Call for council to revise transport spending plans in light of pandemic changes and closure of Madeira Drive

Greens have urged the Labour Council to revise their spending plans for transport and roads, arguing that further measures to support residents, such as widening pavements and new cycle lanes, can be introduced and continued even after lockdown rules are lifted.

Councillors were due to agree a set of spending plans for the city’s transport, roads and cycle network known as the Local Transport Plan, a budget drawn up prior to the covid19 pandemic.

However the plans will now be reconsidered, following a successful proposal from the Greens calling for greater efforts to widen pavements, introduce more space for cycling and exercise and bring forward road closures.

Notably, other councils have been able to make similar improvements to local transport networks without incurring significant costs or procedural barriers. In Lambeth, the city council has extended pavements in busy areas to enable people to observe ‘social distancing’ guidance while walking and exercising. Leicester City Council has installed a 500 metre cycle lane labelled a ‘keyworker corridor,’ to help essential staff make safer and quicker journeys to work by bike.

Welcoming the closure of Madeira Drive earlier this month, and given the council’s commitment to explore a ‘car free city centre,’ and reduce toxic emissions, Greens say it is vital that any measures allowing residents to enjoy clean air, walking and safer cycling remain in place long-term.

Cllr Phélim Mac Cafferty commented:

“The pandemic has underlined the serious question of how we use public space and we brought this proposal forward because so many of our residents have raised safe social distance during lockdown. We want to build on the work to restrict road access on Madeira Drive to make it easier for people walking & cycling.

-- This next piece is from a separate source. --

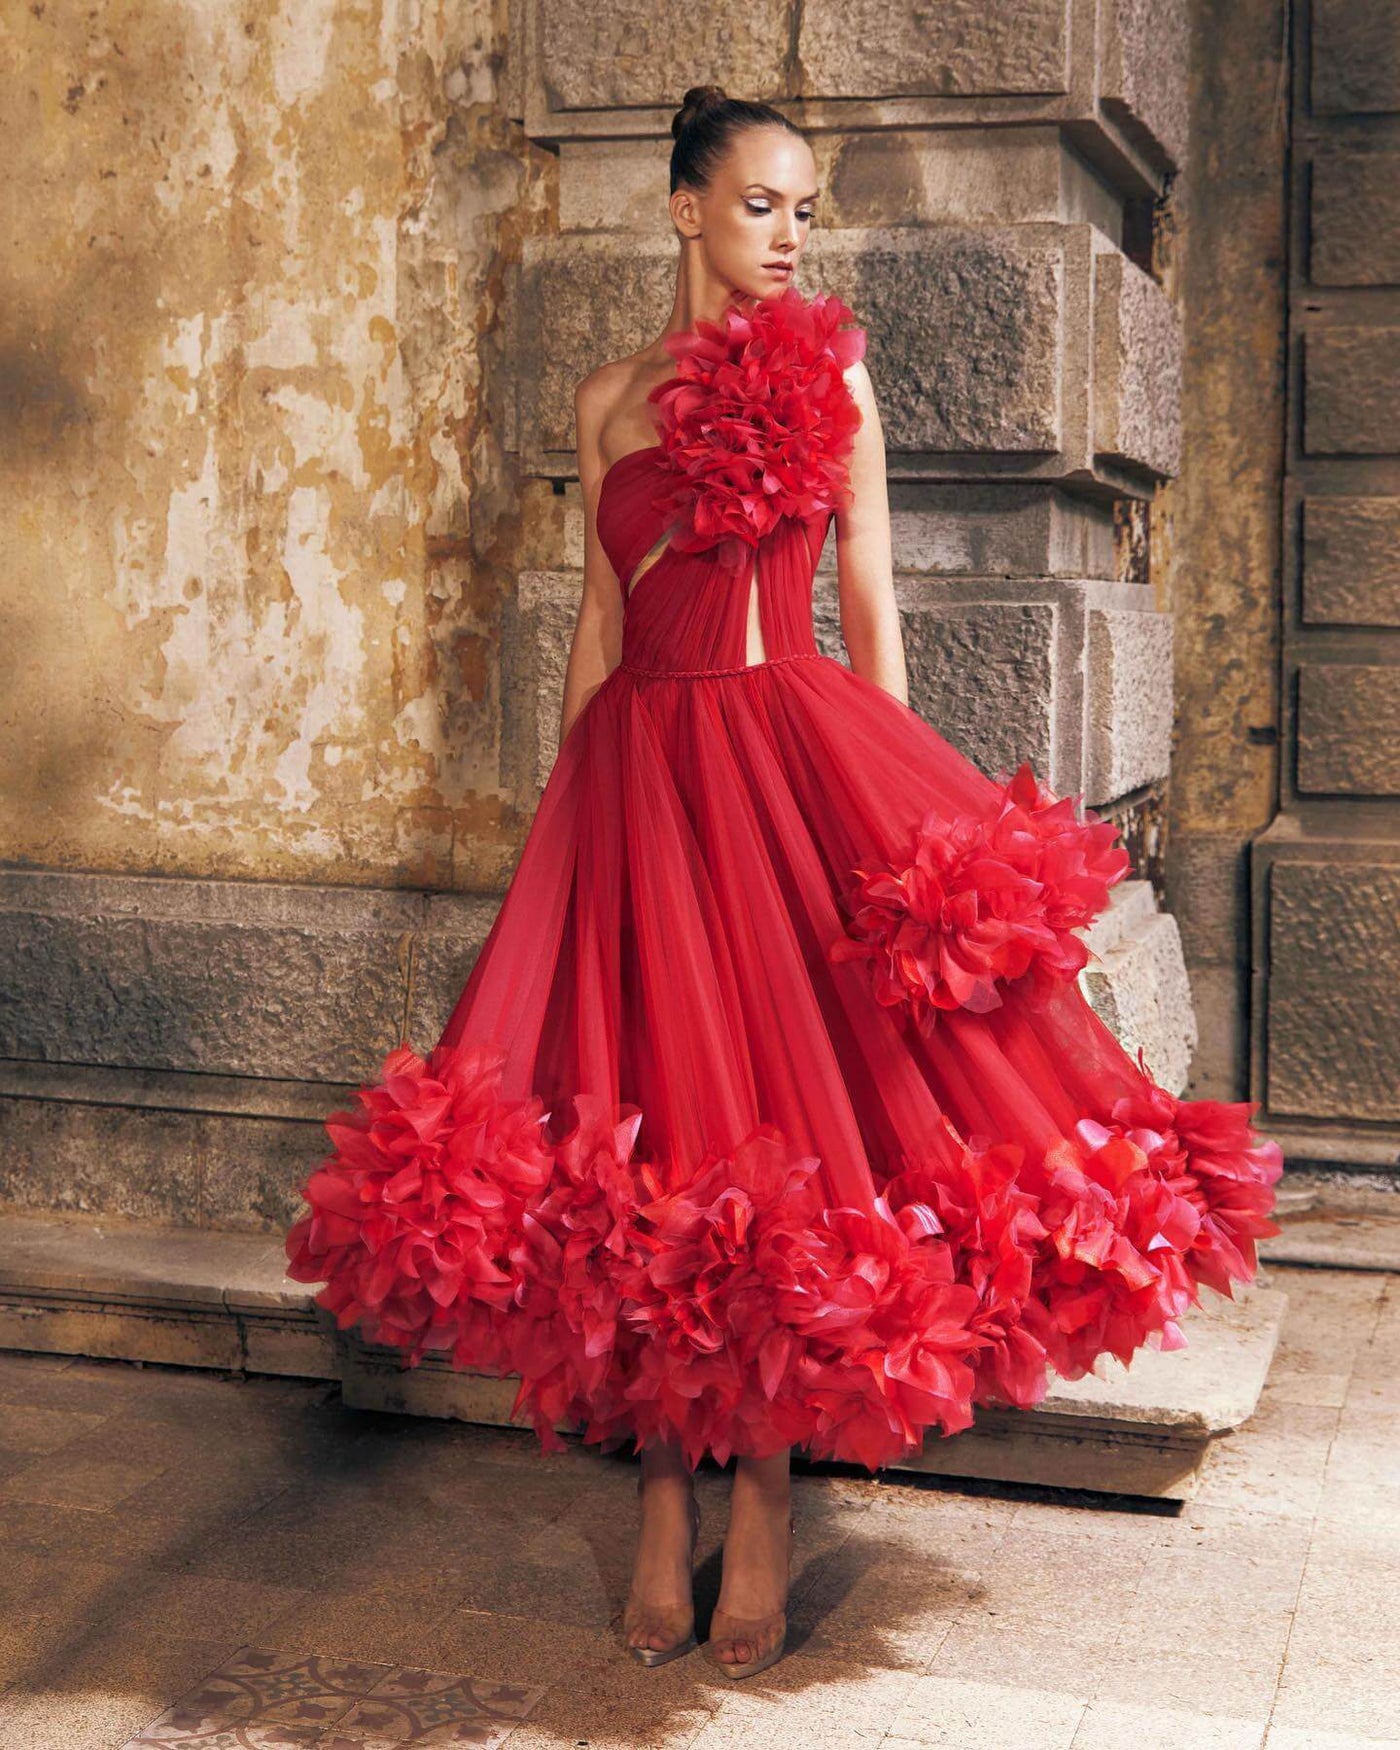 Elegant Diagonal Collar Sleeveless Long Gown Red Dress

From outdoor exercise, the many of us who want to be able to stretch our legs and clear our minds to cyclists enjoying new-found space on our usually busy roads. There is actually enough space, it’s about priorities. Our proposals are about affirming that our city can become better for all during lockdown which in turn will put us in a stronger place for recovery too.

From discussions we had been having with council officials, we know that some of this needs to be done effectively with the right legal arguments in place, but looking at places like Leicester they avoided this with a Keyworkers’ Corridor. Greens will keep the pressure up to make sure the city does everything in its power to help all communities to make lockdown more bearable but also to point to a different sort of future- one where we share space more fairly, one where cleaner air and safer roads mean more of us can walk, exercise and cycle. And a future where in tandem with our commitments to explore a car free city centre and deliver carbon neutrality by 2030, walking and cycling will be afforded more space, especially along the seafront dual carriageway.”

Cllr David Gibson, Green spokesperson for Finance, added: 

“This is really good news and will make our shared space safer for pedestrians and cyclists, will support the healthy option of walking and cycling and as a consequence play a part in the step change on emissions reductions we need to become a carbon neutral city by 2030.”